Tutto procede esattamente come previsto, eccezion fatta per l'omicidio del padrone di casa (ma è davvero un imprevisto?) che crea qualche piccolo imbarazzo. Dopotutto, ricordiamo che siamo in Inghilterra, e il glorioso self control è d'obbligo.
Fin qui sembrerebbe la trama rimaneggiata di film visti e rivisti, del calibro di "Arsenico e vecchi merletti" o simili, ma ben presto la storia si dipana nella sua ben più complessa struttura.
Gosford Park è un vero e proprio microcosmo dove convivono due dimensioni parallele, collegate ma sempre distinte: chi vive e lavora below the stairs è condannato per sempre a far parte della servitù, non conta nulla e non potrà mai assurgere al rango di chi vive invece above the stairs.
Due mondi separati solo da una scala, percorsa innumerevoli volte, che segna tuttavia una insormontabile demarcazione sociale. Siamo nel 1932, e l'Inghilterra vive ancora anni tranquilli in cui lo snobismo sembra essere l'unico pensiero degli ambienti salottieri. E Altman ha dato un valore simbolico a quella scala, elevandola a protagonista del film. Per quanto possa essere un mezzo di collegamento, forse un bastione o una fortezza risulterebbero più fragili. È una scala che avverte di non illudersi: non è percorrendola che si possa migliorare o peggiorare la propria condizione, perché è una barriera ideologica, convenzionale, mentale, culturale.
Gli invitati di Sua Signoria si trovano al di sopra della scala, appartenendo, per lo più, alla cosiddetta alta società: vi si annoverano contesse, baronesse, colonnelli e gentiluomini, e la presenza isolata di un regista di Hollywood non appare altro che un pretesto per variegare i soliti convenevoli che caratterizzano questo tipo di consessi.
Nessuno sembra eccitarsi più di tanto quando si pronuncia il nome di Greta Garbo, o si annuncia la trama del prossimo film giallo in produzione; i salotti di Gosford Park, esaurito il brevissimo effetto del ritrovarsi dopo qualche tempo, piombano nella più cupa noia, nella monotonia affogante. Il "salotto buono" appare di uno squallore esasperante.
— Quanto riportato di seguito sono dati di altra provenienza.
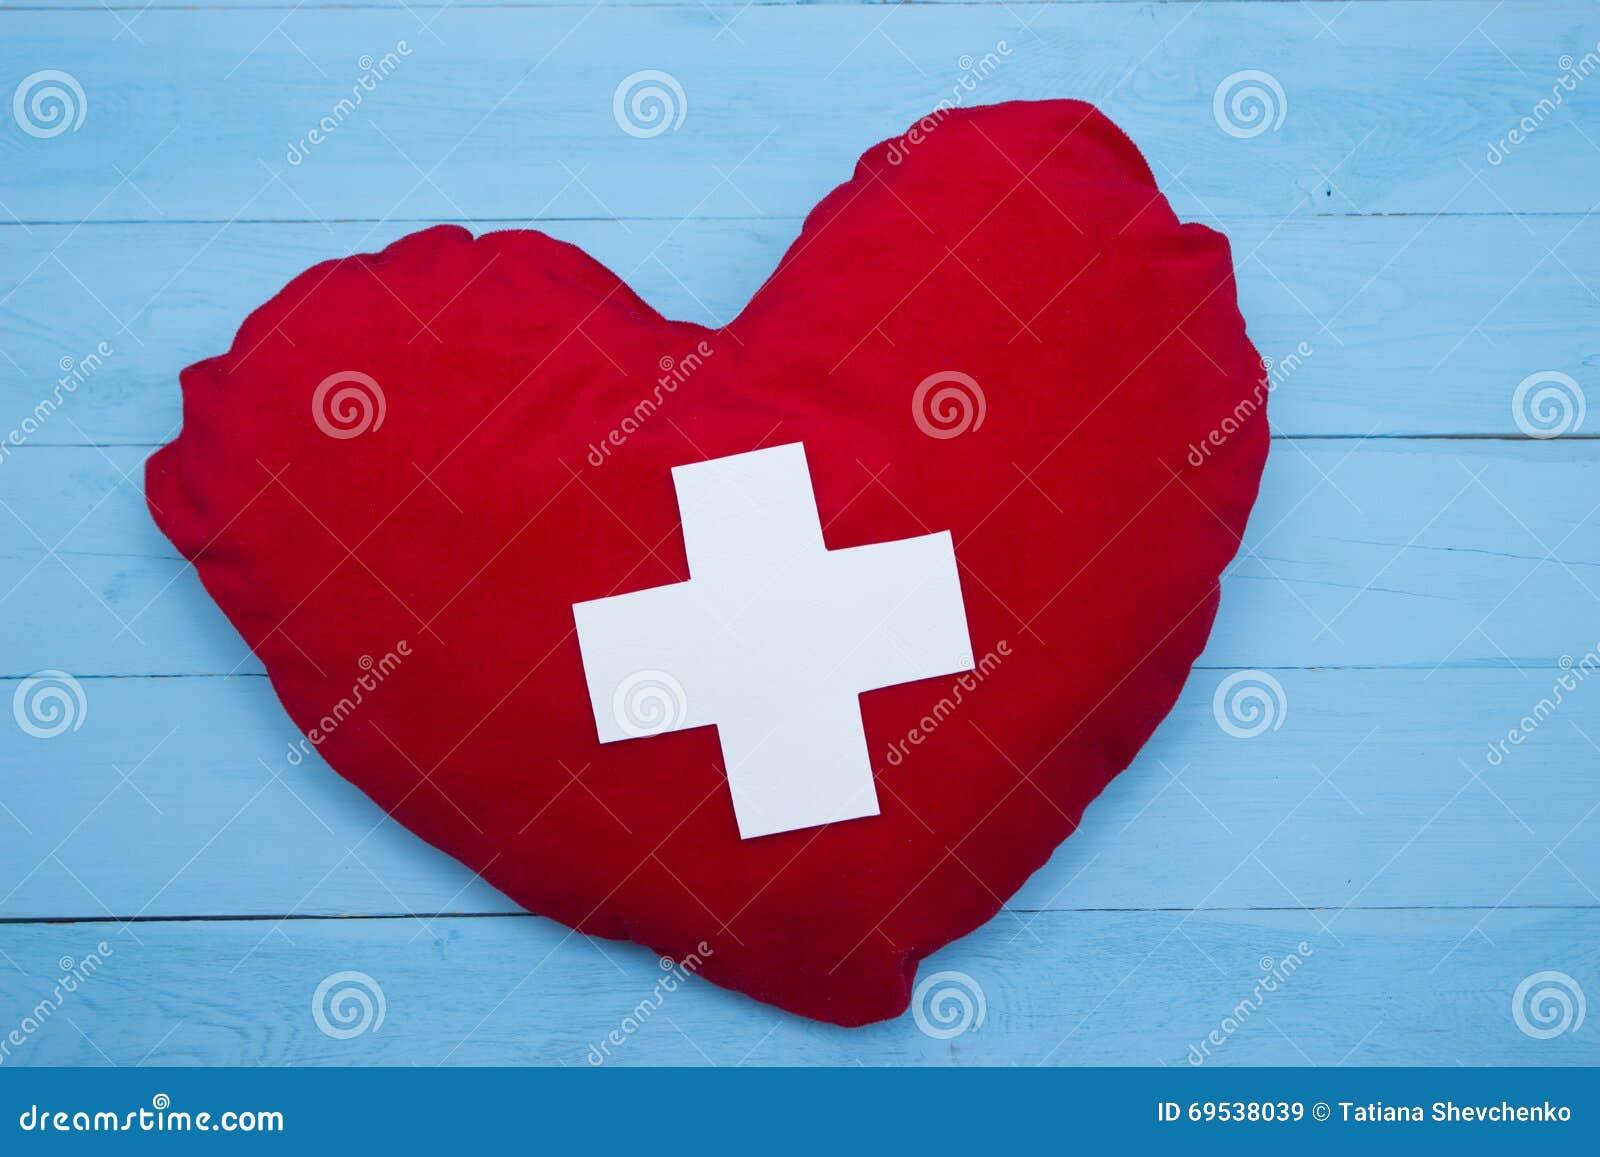 Κόκκινη καρδιά χειροποίητη με έναν άσπρο σταυρό σε ένα μπλε ξύλινο υπόβαθρο 0ddf1156eba
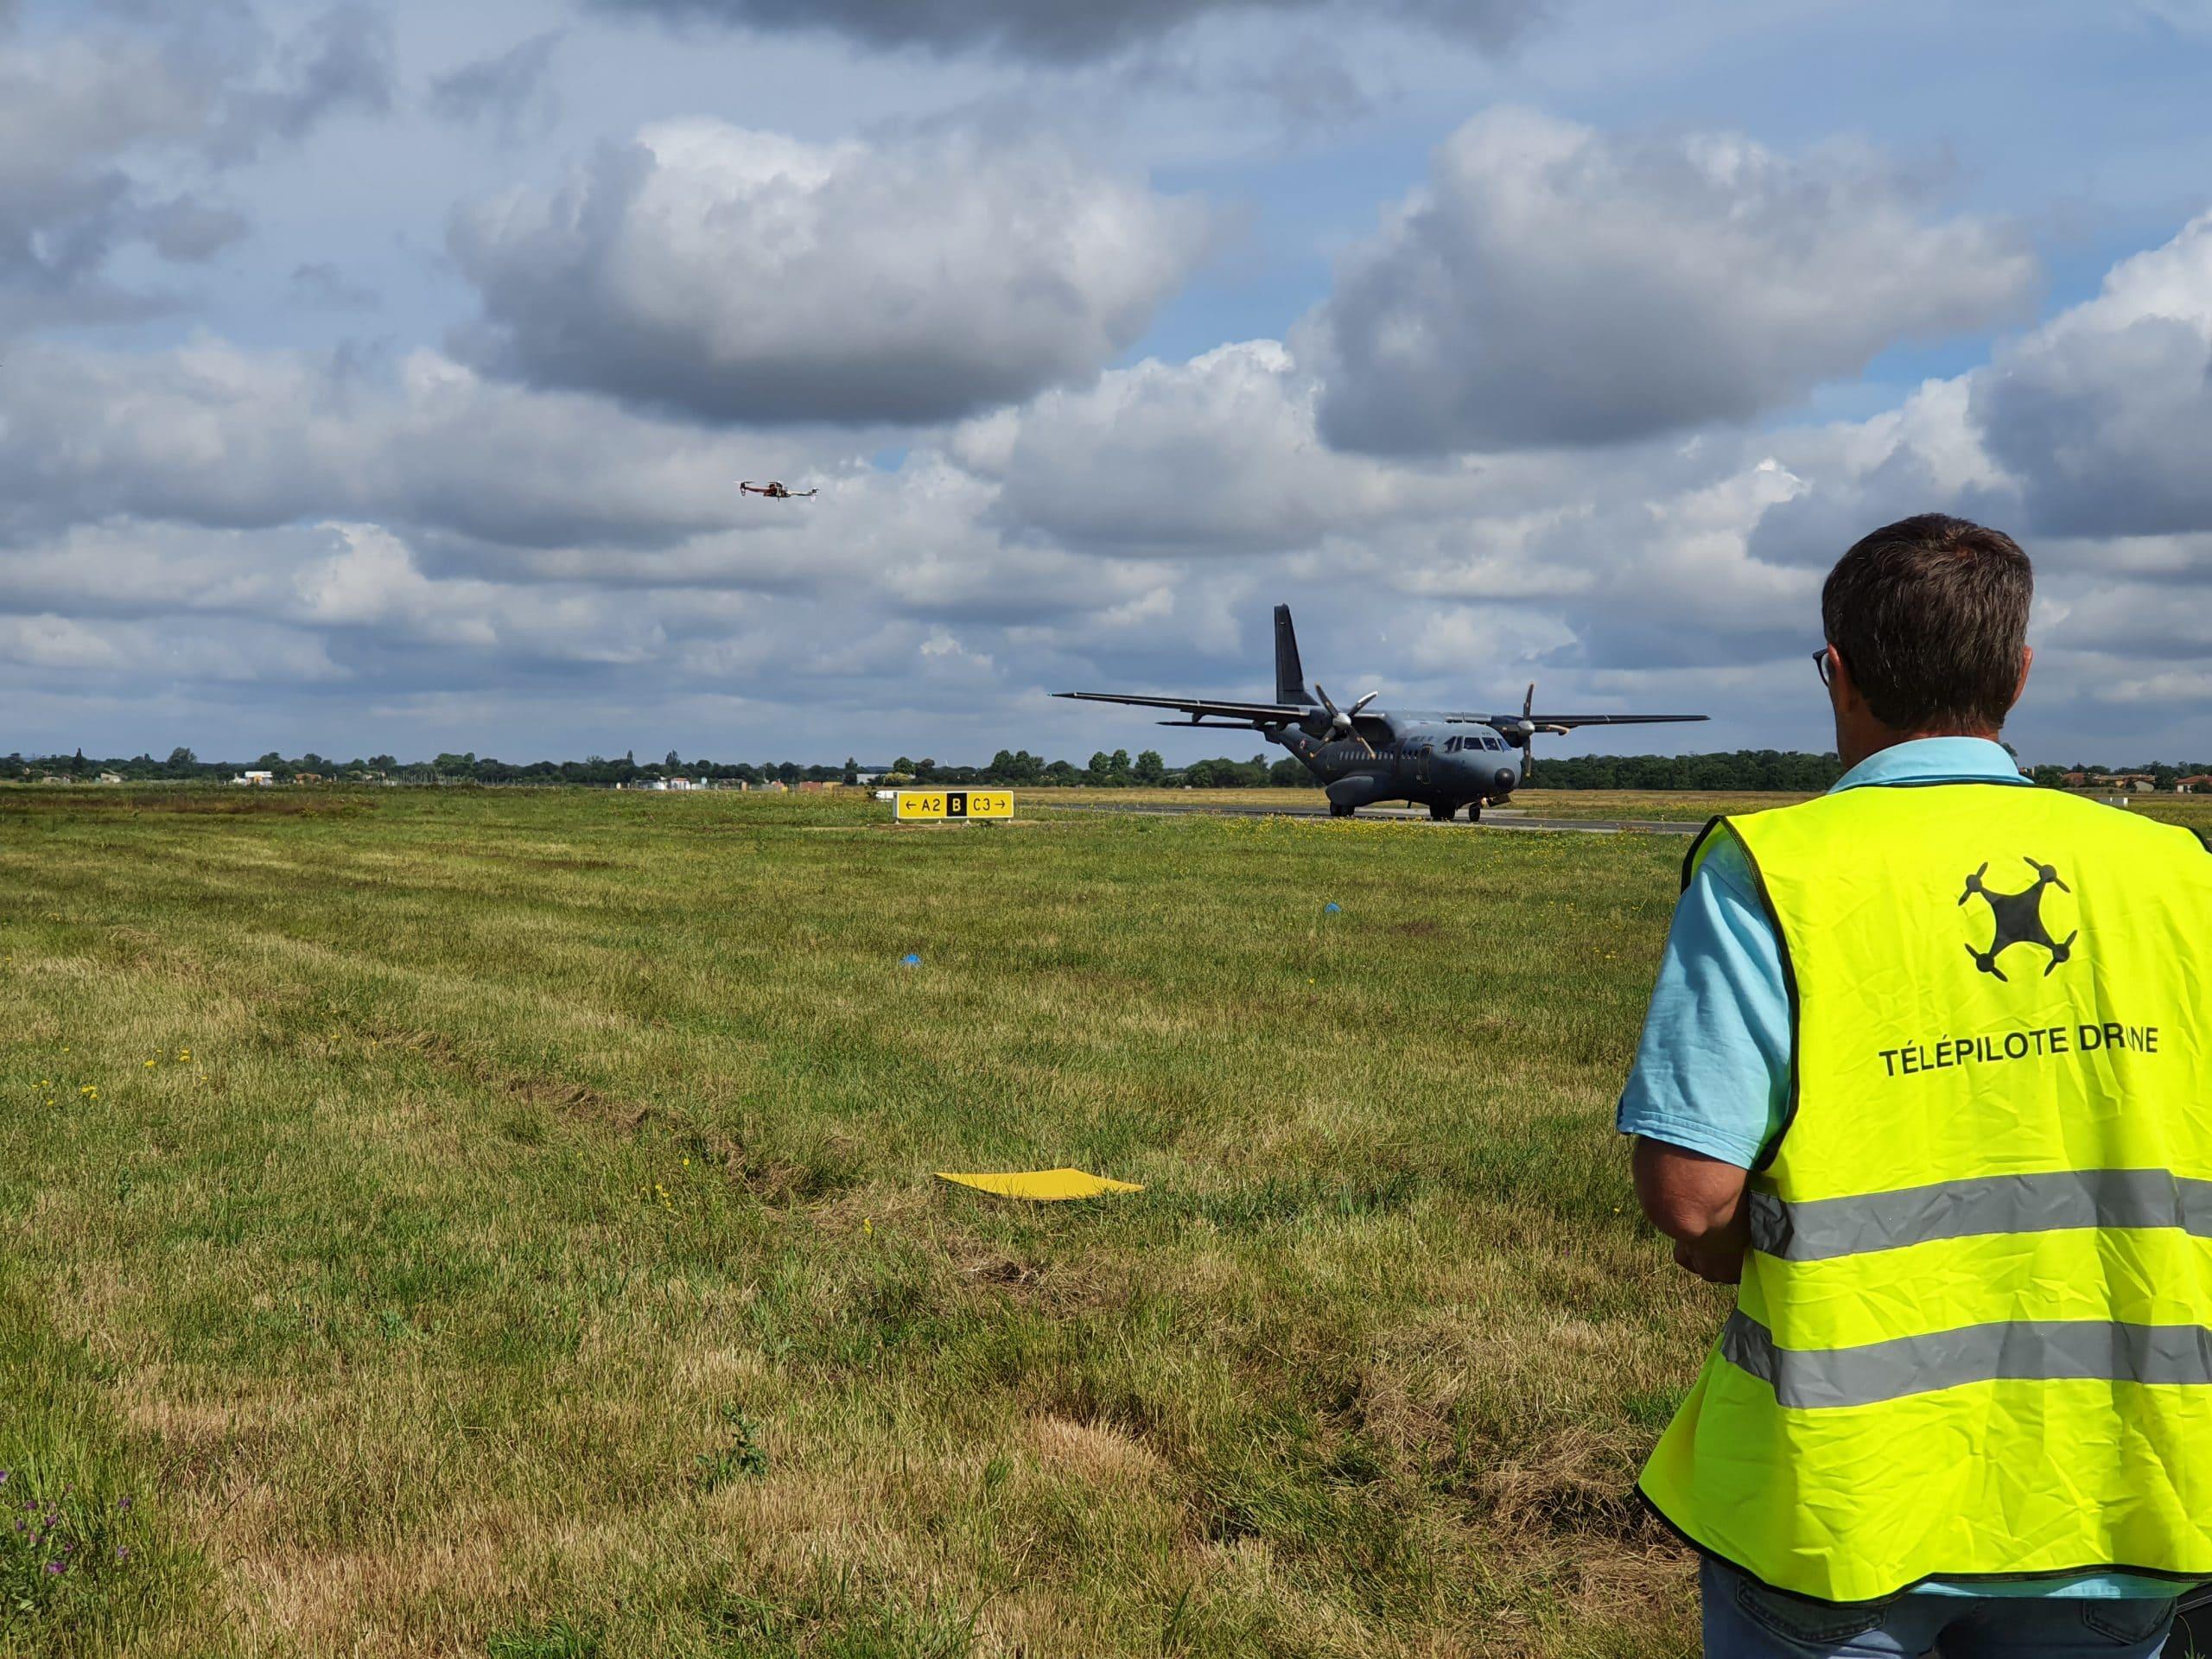 stagiaire qui fait voler son drone sur l'aéroport

Molto ma molto più interessante è invece l'industrioso microcosmo della servitù, collocata nel basement del fabbricato: un vero e proprio labirinto ove sono dislocate numerose sale per la cura degli effetti personali dei signori di sopra. Unica "zona franca", la cucina, il dominio incontrastato della cuoca, che è anche sorella della governante, dove non può comandare nessuno, nemmeno la bella moglie di Sir William.
Per la sua effervescenza, sebbene dominata anch'essa da convenzioni bislacche (assumono il nome dei padroni, si seggono a tavola secondo il grado sociale che non posseggono), l'area below the stairs ravviva ogni momento del film in cui l'attenzione del regista vi discende: nell'ambiente della servitù vengono fuori, tra gli inevitabili pettegolezzi, tutte le verità nascoste delle persone di sopra. Chi è ricco secondo le apparenze in realtà è venuto a Gosford Park in cerca di un posto di lavoro o di un socio in affari; chi è snob in reltà gode di un vitalizio di Sua Signoria e cerca di ottenere un aumento.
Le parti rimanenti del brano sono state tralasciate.